Surprisingly, the pattern of localization of confined and transitory tracks changed markedly under stringent conditions. All three proteins showed localization away from the cell center toward the periphery of cells (Fig. 6). Curious about this finding, we stained cells with 4′,6-diamidino-2-phenylindole (DAPI) to study the subcellular localization of the chromosome(s). Figure 7 shows regular nucleoids during exponential growth and condensed nucleoids following the addition of MMC, as has been reported before (13). Nucleoids were also more condensed after addition of HPUra but were almost completely decondensed during the stringent response (Fig. 7). Previously, it has been shown that 70S ribosomes occupy nucleoid-free zones at the cell poles and at the cell periphery (39), which is lost upon inhibition of transcription, where the nucleoids decondense (40). Our finding that the stringent response also leads to a strong nucleoid decondensation suggests that under this condition, the separation between RNA polymerase and ribosomes is lost. Our data also suggest that the central positioning of replication forks is lost, which agrees with the appearance of more randomly located forks seen in epifluorescence (Fig. 2). Thus, nutritional downshift not only strongly increases exchange of proteins at the replication forks but also affects their subcellular localization.
Stress conditions differentially affect dwell times of DnaC, DnaG, and DnaE.
Based on the findings described above, we would have predicted lower dwell times of replication at the forks during nutritional downshift. We analyzed times molecules dwell within a radius of 120 nm and used a two-population fit to analyze decay curves (Fig. S4), which resulted in better fitting than using a single decay function. Fraction τ1 shows shorter average dwell times and will mostly consist of mobile molecules that stochastically stay put for a short time. Fraction τ2 will likely be composed of molecules residing at the replication machinery. Of note, although average track lengths (around 8 steps) were shorter than average dwell times determined, especially for the second fraction (τ2) that shows long dwell times, there were enough tracks longer than average track length to allow for a correct extrapolation of average residence time. Because we used yellow fluorescent protein (YFP)-bleaching-type SMT, our determined numbers are underestimates of actual dwell times in vivo. However, for the sake of comparison between different growth conditions, our estimates are useful to observe relative changes in dwell times. Figure 8 shows that, in agreement with our expectations, the dwell time of DnaC decreased during (transient) replication arrest due to MMC or HPUra treatment and further decreased during the stringent response. For DnaG, we observed an increased residence time after addition of HPUra (Fig. 8 and Table S3), corresponding to the increase in the fraction of static molecules observed (Fig. 4). However, under stringent conditions, average residence time remained similar to values during unperturbed growth, which is unexpected. DnaE showed the clearest changes in dwell times, which decreased from MMC to SHX treatment, where residence times were shortest.

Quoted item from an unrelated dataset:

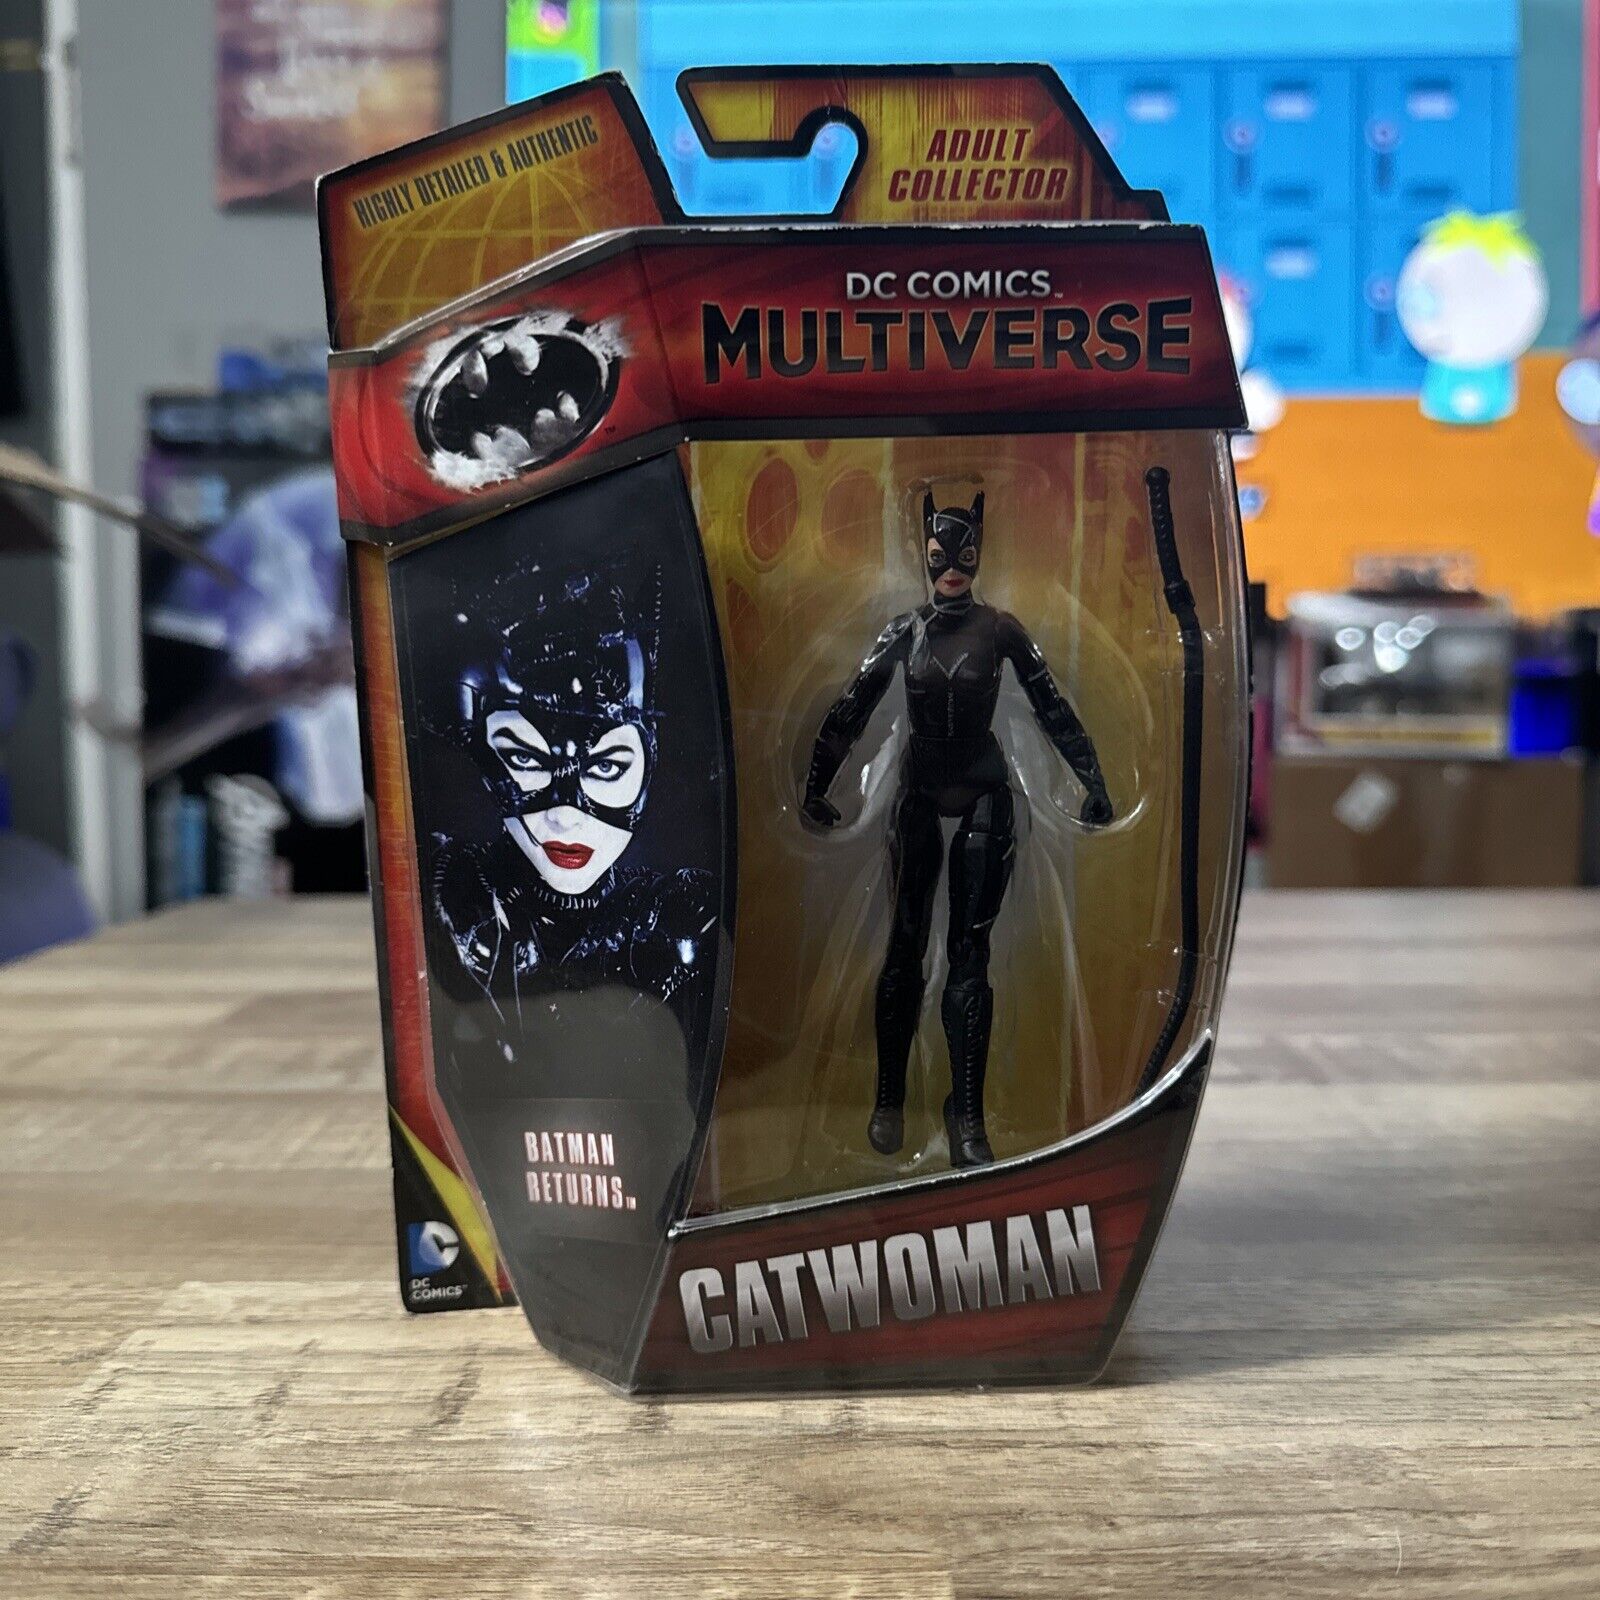 CATWOMAN Michelle Pfeiffer DC Comics Multiverse Batman Returns Action Figure NEW

Keeping in mind the caveat that our determined dwell times are underestimates, we can still observe that DnaC and DnaE show similar residence times during nonperturbed growth. This is surprising, given that helicase DnaB shows much longer dwell times at the single-molecule level than Pol III in E. coli cells (41). We have previously shown that the average bleaching half time of YFP is about 1.3 s in our SMT setup (34) and is expected to be somewhat longer for mVenus, which has been shown to be more resistant to bleaching than its parent, YFP (42). This suggests that while dwell time analyses are certainly convoluted by bleaching, the extent is not overwhelmingly large. Thus, as DnaE exchanges with every 1,000 to 2,000 bp synthesized at the lagging strand, so do DnaC subunits of the hexamer appear to exchange at this DNA strand. We propose that this exchange is based on the exchange of subunits from the hexameric helicase, which appear to exchange within a time frame of a few seconds, supporting the statement of Velten et al. (43), who showed evidence that the DnaC helicase loading mechanism appears to be of the ring-assembly type, proceeding through the recruitment of DnaC monomers and their hexamerization around single-stranded DNA.
DISCUSSION
All cells need to adjust their decision of when to replicate to the nutritional state of the cell as well as to many other conditions and physiological requirements. Especially for bacteria, it is important to regulate not only initiation of replication but also extension, because a runout of, e.g., nucleotides might be detrimental if replication fork speed was not downregulated. We have sought to shed light on the question of how Bacillus subtilis, a model organism, especially for the large group of Gram-positive bacteria, adjusts replication at the single-molecule level in response to amino acid starvation. Interestingly, the architecture of B. subtilis replication forks is rather similar to that of eukaryotic cells and dissimilar to that of other model bacteria, such as E. coli, in that two replicative polymerases act at the lagging strand (10, 11) rather than one (5, 6), besides other differences.
Recent studies on bacterial DNA replication have supported the idea of a replisome machinery that freely exchanges DNA polymerases (44) and shows strong coupling between helicase and the polymerase(s) (45). Modifying the textbook model of the clamp loader complex acting as a stable hub coordinating the replisome, these observations suggest a role of the helicase as the central organizing hub. We show here that there is a high degree of plasticity in the interaction between the lagging strand polymerase and the replicative helicase upon association of the primase with the replisome. By combining epifluorescence and in vivo single-molecule assays, we demonstrate that replicative helicase DnaC, DNA primase DnaG, and lagging-strand polymerase DnaE act differentially in response to transient replication blocks due to DNA damage, to inhibition of the replicative polymerase, or to downshift of serine availability (stringent response).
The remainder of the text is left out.